Virtual Keyboard (touch device) :

  • On modern capacitive screens, when the user places a finger on the screen, a small amount of current passes through the finger from the electrostatic field of the conduction layer, forming a loop that causes the voltage to drop at that point of the touch on the screen, and the screen controller generates an interrupt reporting the coordinates of the “click.
  • The mobile operating system then notifies the currently active application that a click has occurred on one of its GUI widgets, which are now buttons on the virtual keyboard
  • The virtual keyboard raises a soft interrupt that returns a “keypress” message to the OS
  • This message is returned to inform the currently active application of a “button press” event

Generate interrupts (non-USB keyboard)

The keyboard sends signals on its interrupt request line (IRQ), which is mapped by the interrupt controller to an interrupt vector, essentially an integer. The CPU uses the interrupt descriptor table (IDT) to map interrupt vectors to corresponding functions, called interrupt handlers, which are provided by the operating system kernel. When an interrupt arrives, the CPU indexes to the corresponding interrupt processor based on IDT and interrupt vector, and the operating system kernel comes out.

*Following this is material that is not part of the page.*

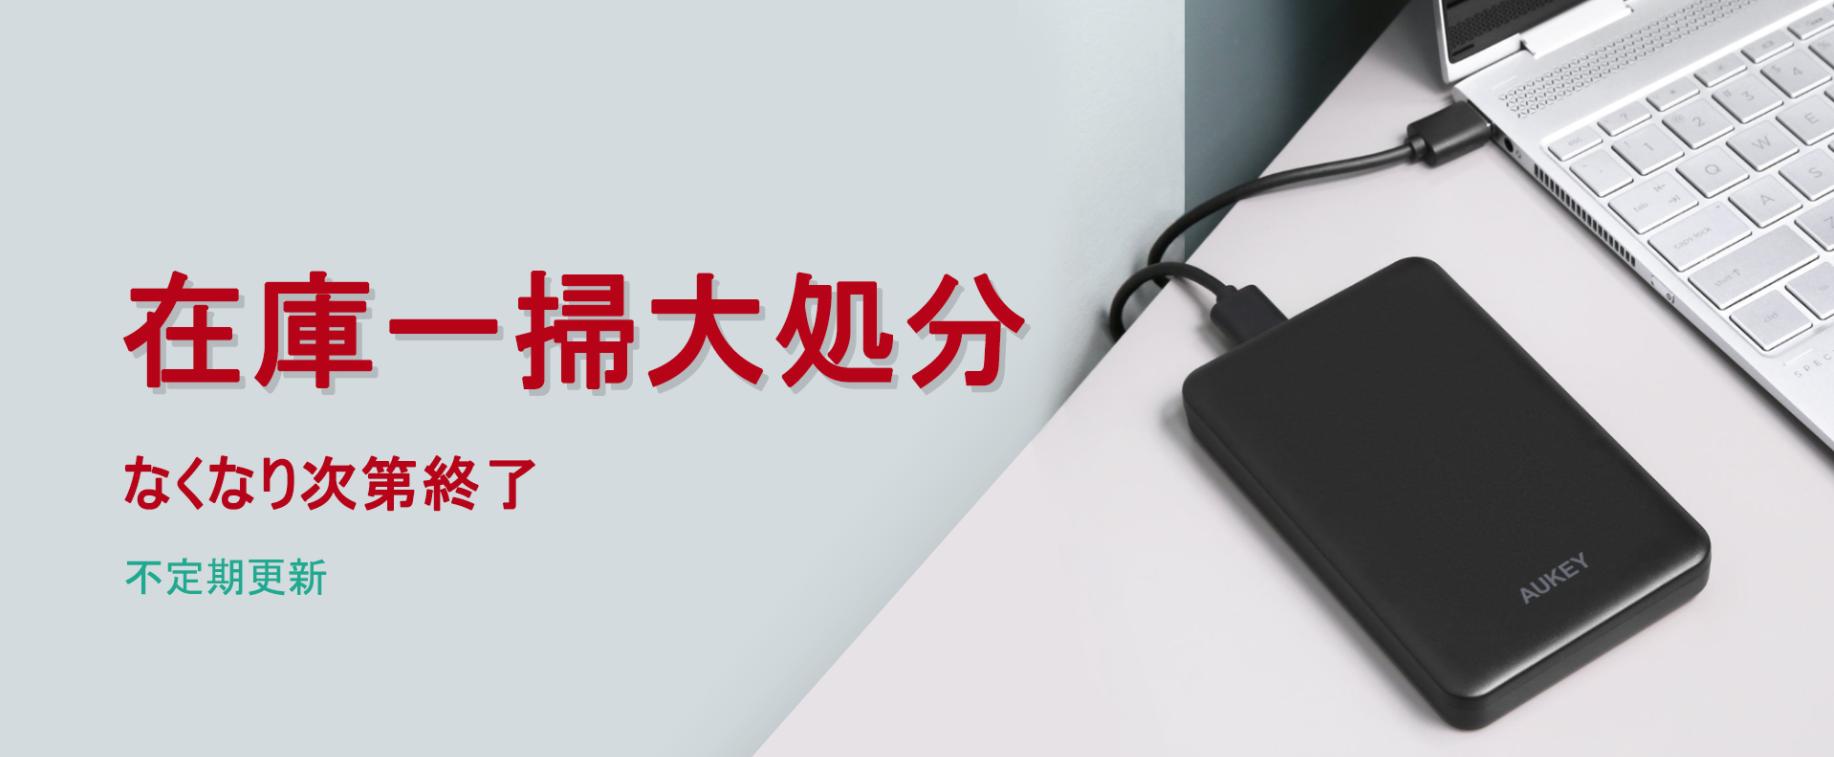 人気商品が最安599円に。AUKEY、無くなり次第終了の在庫一掃大処分セール開催

(Windows) A WM_KEYDOWN message is sent to the application

HID transmits the event of keyboard pressing to kbdhid. sys driver, and converts HID signal into a Scancode (Scancode), where the Scancode of return is VK_RETURN(0x0d). The KBHID. sys driver interacts with kbdClass. sys (keyboard class driver), which is responsible for securely handling all keyboard and keypad input events. It then calls win32k.sys, possibly passing messages to installed third-party keyboard filters before doing so. This all happens in kernel mode.

Win32k.sys uses the GetForegroundWindow() API function to find which window is currently active. This API function provides a handle to the current browser’s address bar. The Windows “Message Pump” mechanism calls SendMessage (hWnd, WM_KEYDOWN, VK_RETURN, lParam), which is a mask that indicates more information about the key. This information includes the number of key repeats (0 in this case), the actual scan code (which may depend on OEM, but usually not VK_RETURN), whether the function key (Alt, Shift, CTRL) was pressed (not in this case), and some other states.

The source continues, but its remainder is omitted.